If your emails are going in the “Promotions or Others” section, then stop spamming. Build a genuine subscriber base and try to build great email content and give value with every one email. (For Example, I have subscribed to Business Intelligence Newsletter and they send one email in a week or a month, but I read every one of their mail. As they provide a part of their awesome Business research from their $1000 US Knowledge kit, every time makes me want to buy, but I ain’t got no money in my bank 😉 ).
7. Not maintaining structured data of Marketing campaigns and their Impact.
Sounds a very obvious task right? But still many of the start-ups do not have enough time to do this(Sarcasm here). Where most start-ups are focused on optimizing campaigns to increase conversions and website traffic and ignore recording all these.
If all the data of every type of campaign is recorded incorporating all the influencing factors such as special day of the month or week or an occasion or any specific trend on the rise of any market fluctuation. All the whats and whys and hows should be recorded.
Access to such data helps a lot to improve on what is working and what is not, and eventually ends up generating a lot of business and reducing marketing costs.

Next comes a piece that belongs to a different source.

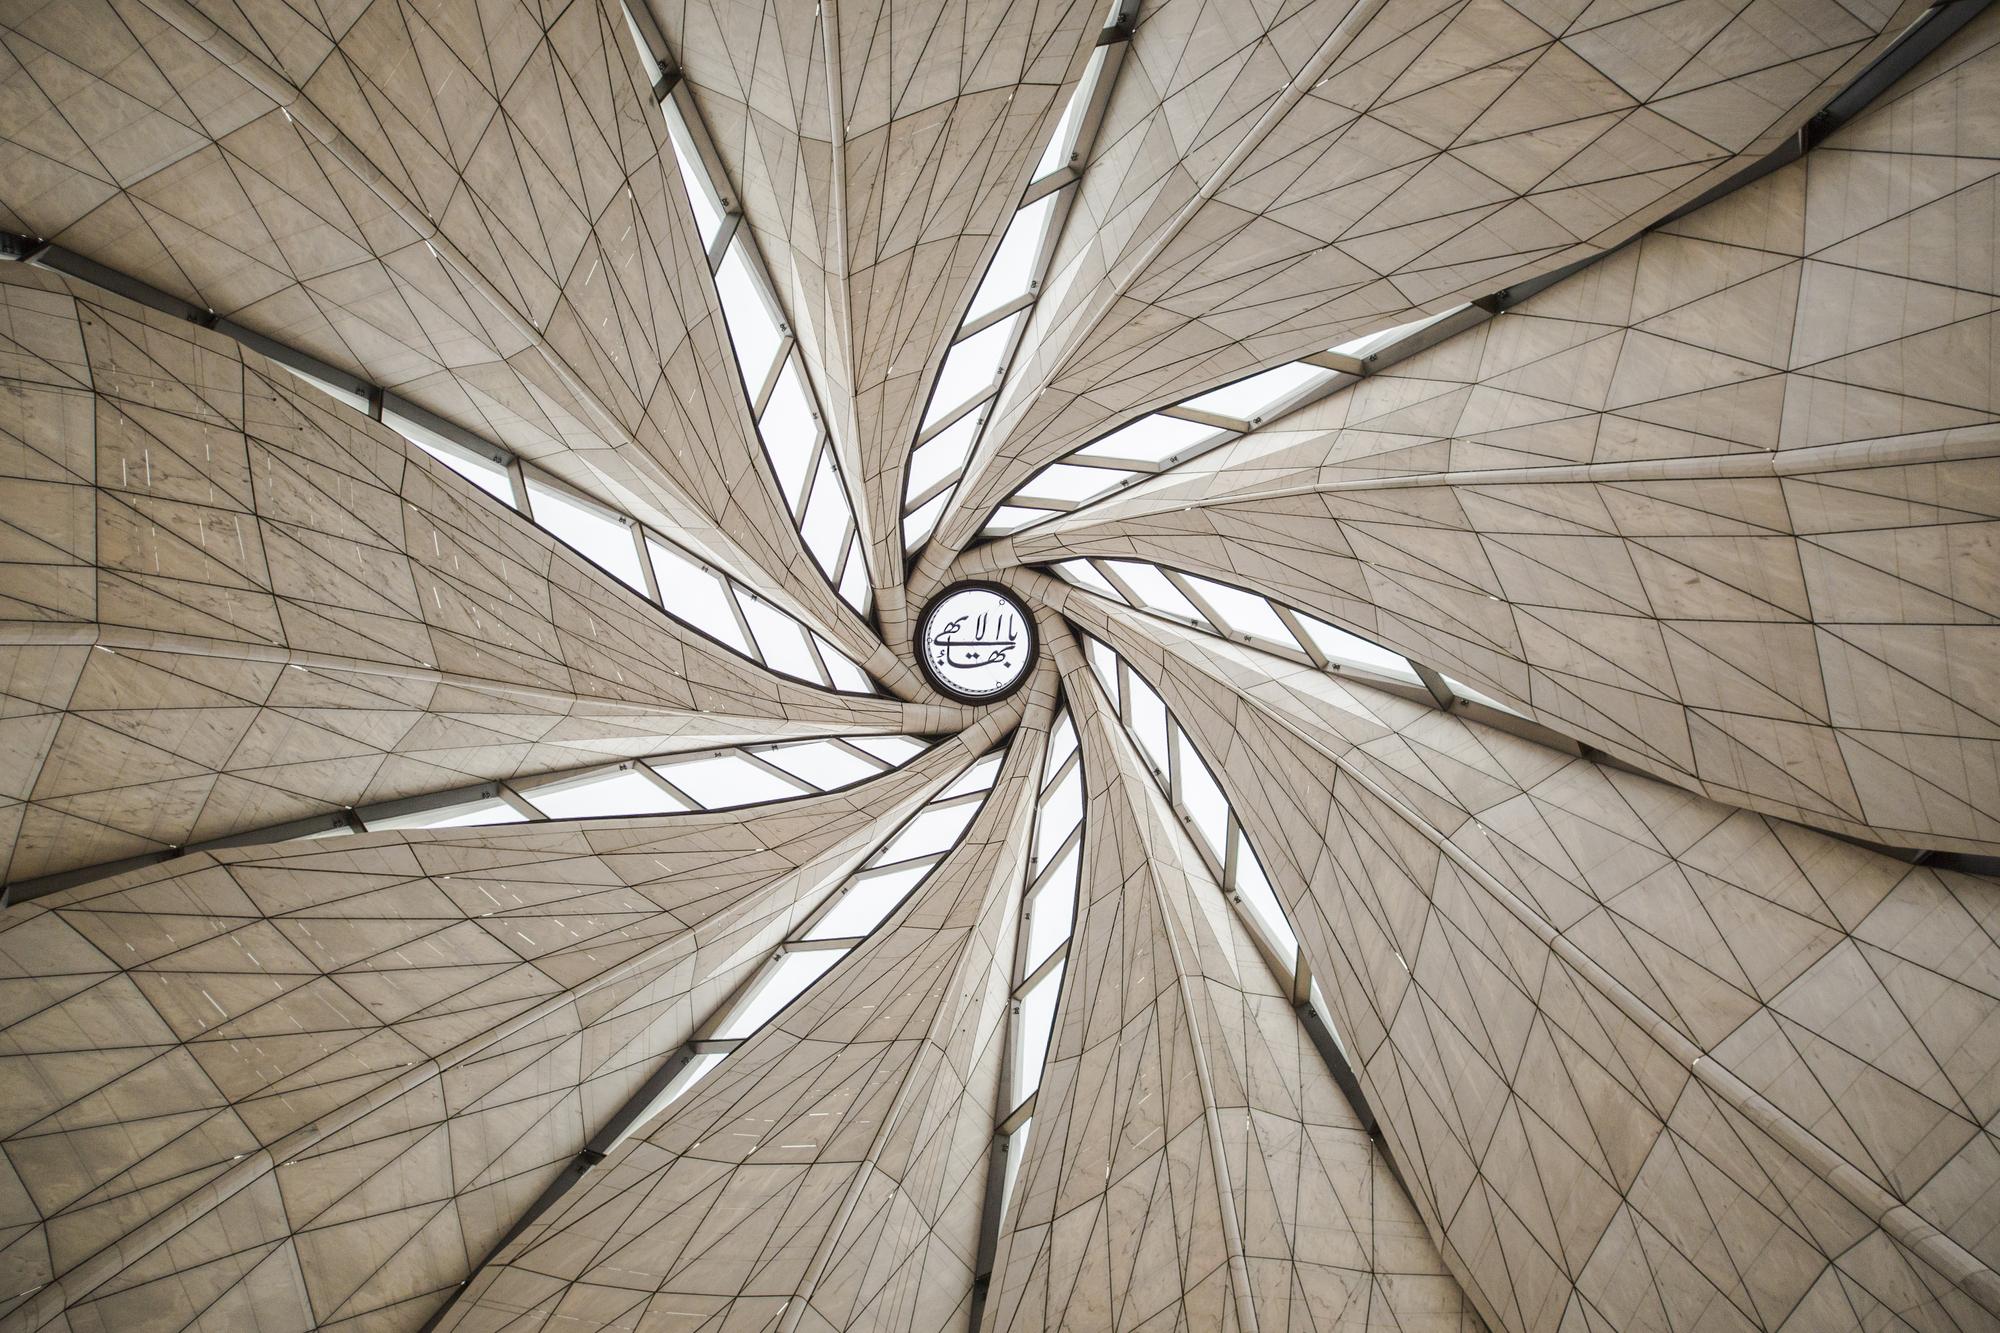 architecture aw raics innovation - HD1500×1000

8. Overlooking Influencer Marketing
I mean why not, it is one of the probably the cheapest way to reach that much on the potential audience with a considerable ROI, not to forget those internet popular figures selling your brand.
It can be done in many effective ways. One way I did it for my clients was doing barter deals with small scale influencers, many of them for one campaign. Plan a schedule for the promotion postings and get them freebies form the client. In this way, I made both of the parties happy.
9. Not Building up an affiliate program.
This the best thing so far that many companies have started doing and this program has really shot up the sales for these companies. This has also motivated many content creators online to promote brands for direct benefits no strings attached.
It is a pain to set up the backend technology to establish an affiliate program but there are products in the market which are plug and play systems to start up your affiliate program right away like CJ Affiliate which is one of the best platforms out there as of now used by many unicorns and million dollar start-ups.
10. Focusing more on Acquisition then Retention of customers
Conversions are the solution to all the problems of a startup (Said Mark Cuban and now Me). And we are so focused on getting more traffic on our platform which will get returns, but sometimes we forget about those who have already been our customers. Trust me I have been there, going in for acquisition is more lucrative as they show instant conversions and you have to work on the Retention and they don’t get your business right away but they can sure bring consistency to your business.
Existing customers are aware of what they are in here for, there is actually much less effort required to convert them again, but the thing is you need to be in front of them and they will come back to you when they need you, if you don’t all the other companies are also working really hard on acquisition, what different are you doing then.